Aquí vienen mis dudas, entiendo que debo hacerle un circuito de compensación (un puente Wheastone), y una de las resistencias tiene que ser otro sensor de temperatura, como una PT100 por ejemplo...

Preguntas:

1) La termocupla pudo conectarla así tal cual en el protoBoard?, es decir, agarro los cables libres y la meto allí de una vez?

2) Es necesaria la PT100 en el circuito de compensación? no puede ser otra resistencia, o un potenciometro? 

Atte: Enigma... La llanerita de Guayana


----------



## MrCarlos (Nov 1, 2010)

Hola enigma_myvs

Como debemos saber, un Termocople es un acoplamiento fisico de 2 metales diferentes.
El Termocople tipo K está construido con un alamble de Cromo y otro de aluminio.
El ProtoBoard tiene, Algunos, un recubrimiento de estaño, (Plomo), así que cuando lo conectes "tal cual" habrá un acoplamiento de estaño/Cromo y Estaño/aluminio. Por concecuencia aqui habrá 2 Termocoples "Raros" que afectarían la lectura. 
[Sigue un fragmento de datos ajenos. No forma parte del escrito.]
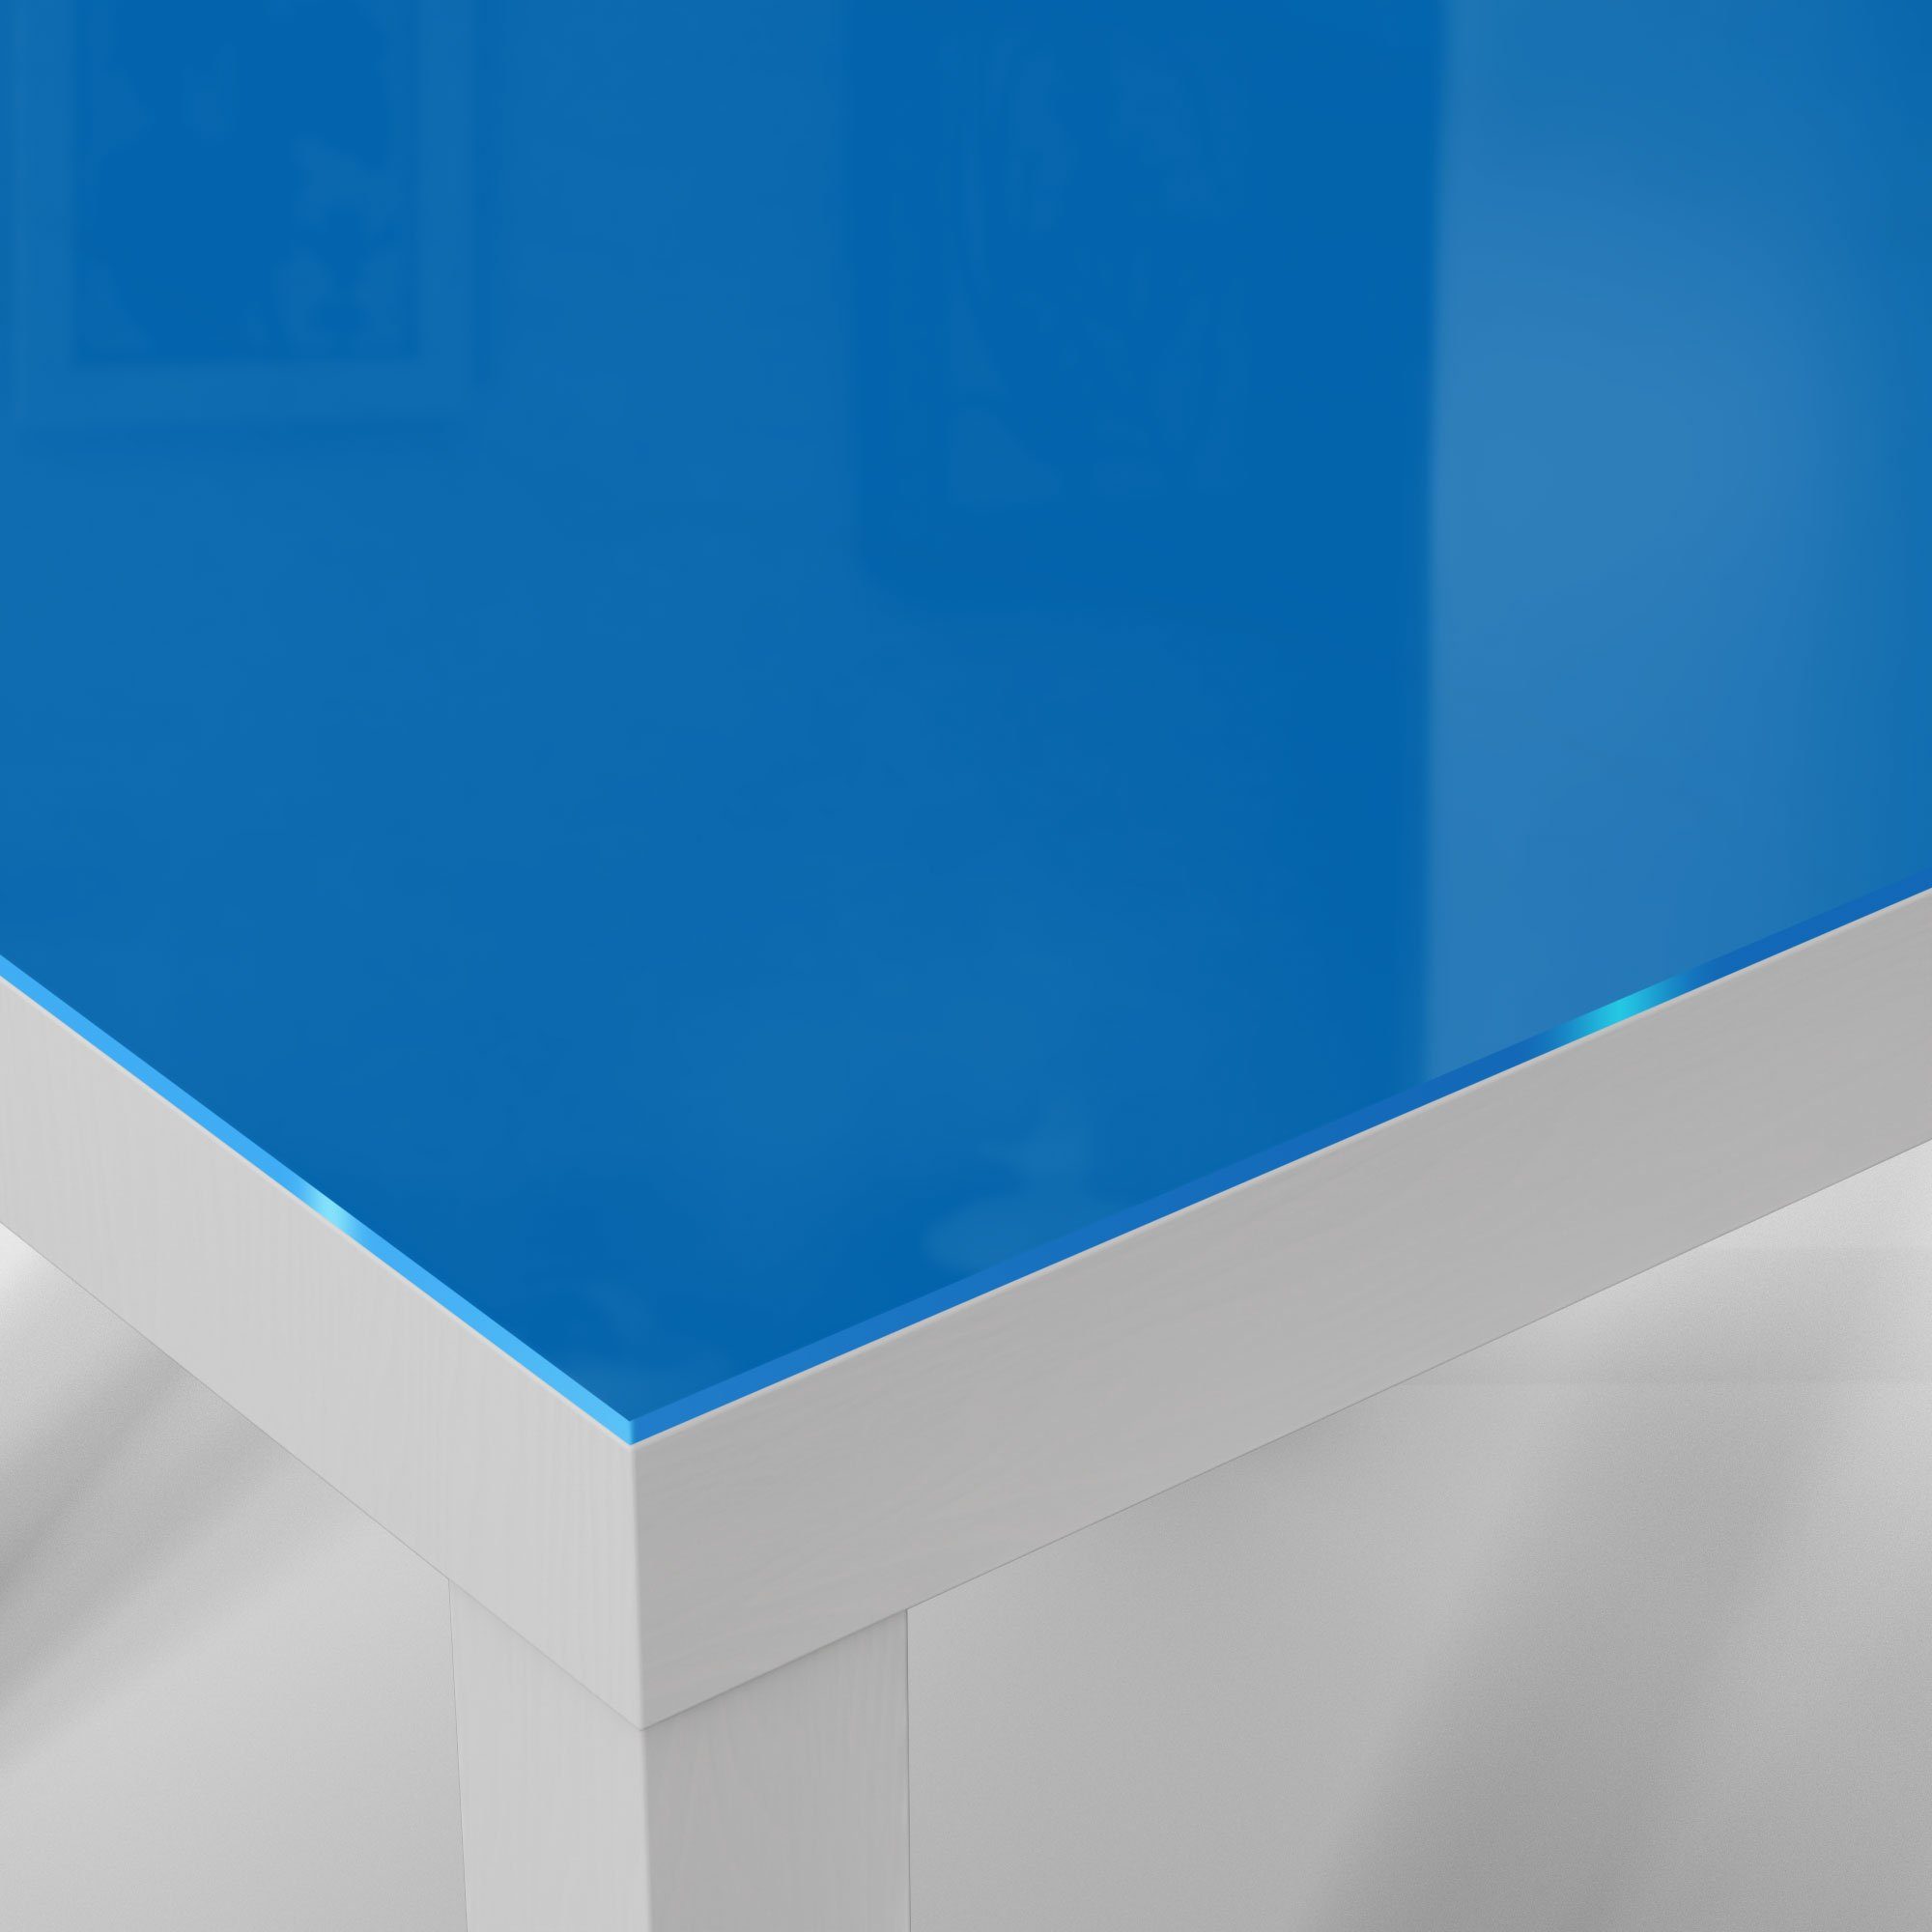 DEQORI Glas Beistelltisch Glastisch - Weiß Mittelblau', 'Unifarben modern Couchtisch
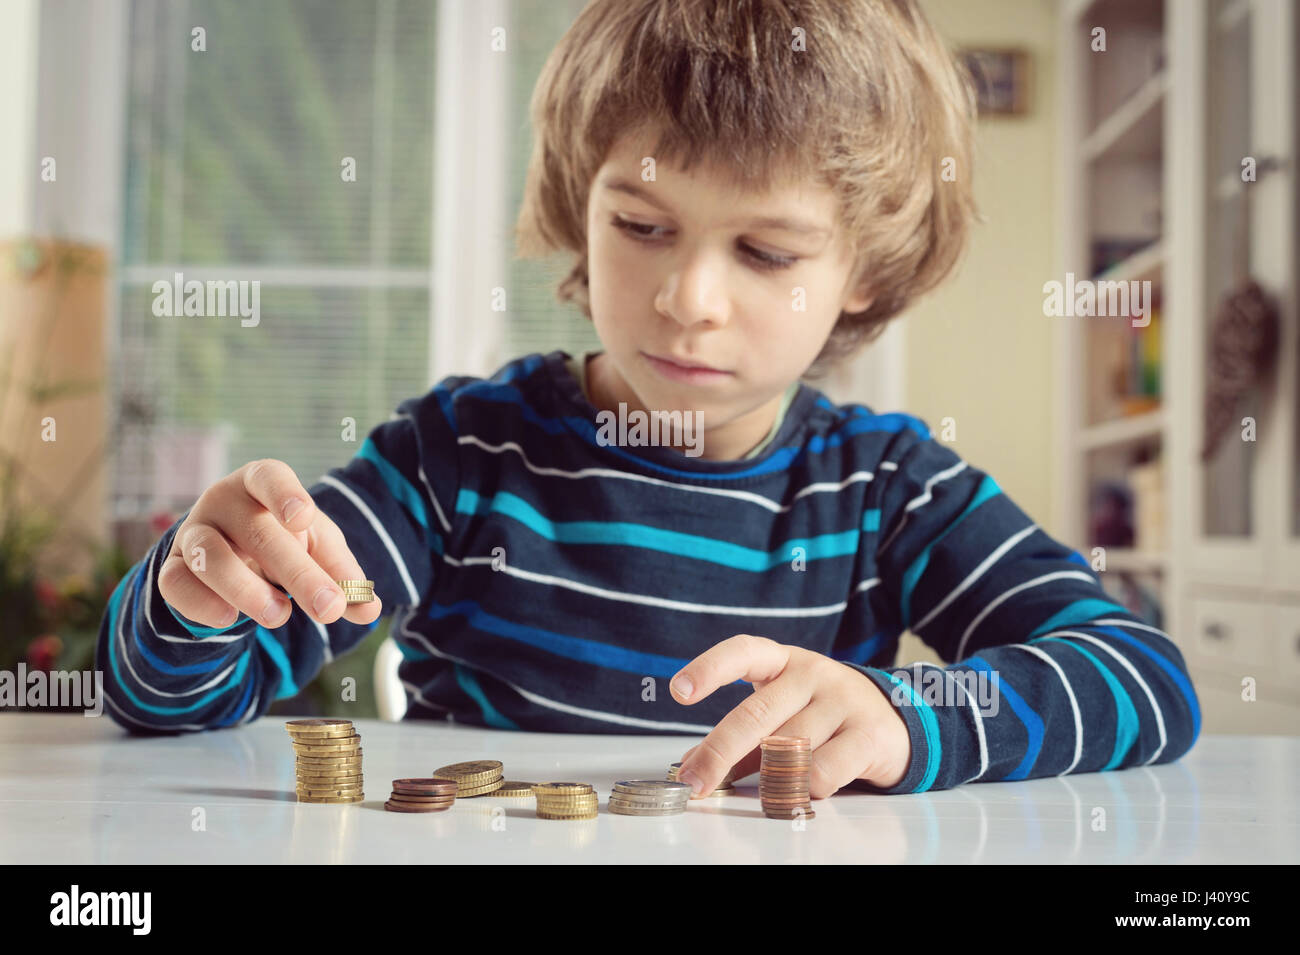 Kleiner Junge spielt mit Münzen machen Stapel. Lernen Finanncial Verantwortung und Planung Einsparungen Konzept. Stockfoto

Para contrarrestar ese efecto se utilizan unos conectores que vende OMEGA.ENG y otros.
O se puede utilizar algo llamado COLD JUNCTION.
Buscalo En Google.com.

cold junction compensation.

saludos
a sus ordenes


----------



## enigma_myvs (Nov 1, 2010)

ahhh o.k, pero ese no seria el circuito de compensación...?


----------



## Beamspot (Nov 2, 2010)

1º: Evita en lo posible los protoboards. Estás midiendo microvoltios y encima mezclas varios tipos de metales.
2º: Con una NTC para la compensación tienes de sobra. Las Pt100, cuanto más lejos, mejor. Incluso hay gente que hace la compensación usando diodos como sensores de temperatura (la tensión en directa varía con esta). Yo, particularmente, lo hacía con una NTC y un ADC de 10 bits. La precisión que conseguí era de menos de 1ºC entre -150ºC y 1200ºC.


----------



## enigma_myvs (Nov 2, 2010)

Ahhh pero en caso de que utilice el protoboard es muy malo?? lo digo porque mi circuito de compensación (Puente Wheastone), lo tengo montado allí en el protoboard al igual que el amplificador de instrumentación.... Por eso pregunto si hay mucho problema...

Ahora la NTC, puede ser cualquiera???


----------



## MrCarlos (Nov 2, 2010)

Hola enigma_myvs

El uso de ProtoBoard no podemos decir si es muy malo o no tanto.
En realidad el termino "mucho" es algo ambiguo porque donde, para ti o para mi termina lo poco e inicia lo mucho.

Yo creo que habría que ver este asunto desde otro punto de vista. 
Qué tanta prescisión quiero obtener de mi medidor ?. 1% de la lectura ? (Ejemplo).

Podríamos, por la experiencia, decir que podemos utilizar el ProtoBoard y conectar ahí mismo el termocople.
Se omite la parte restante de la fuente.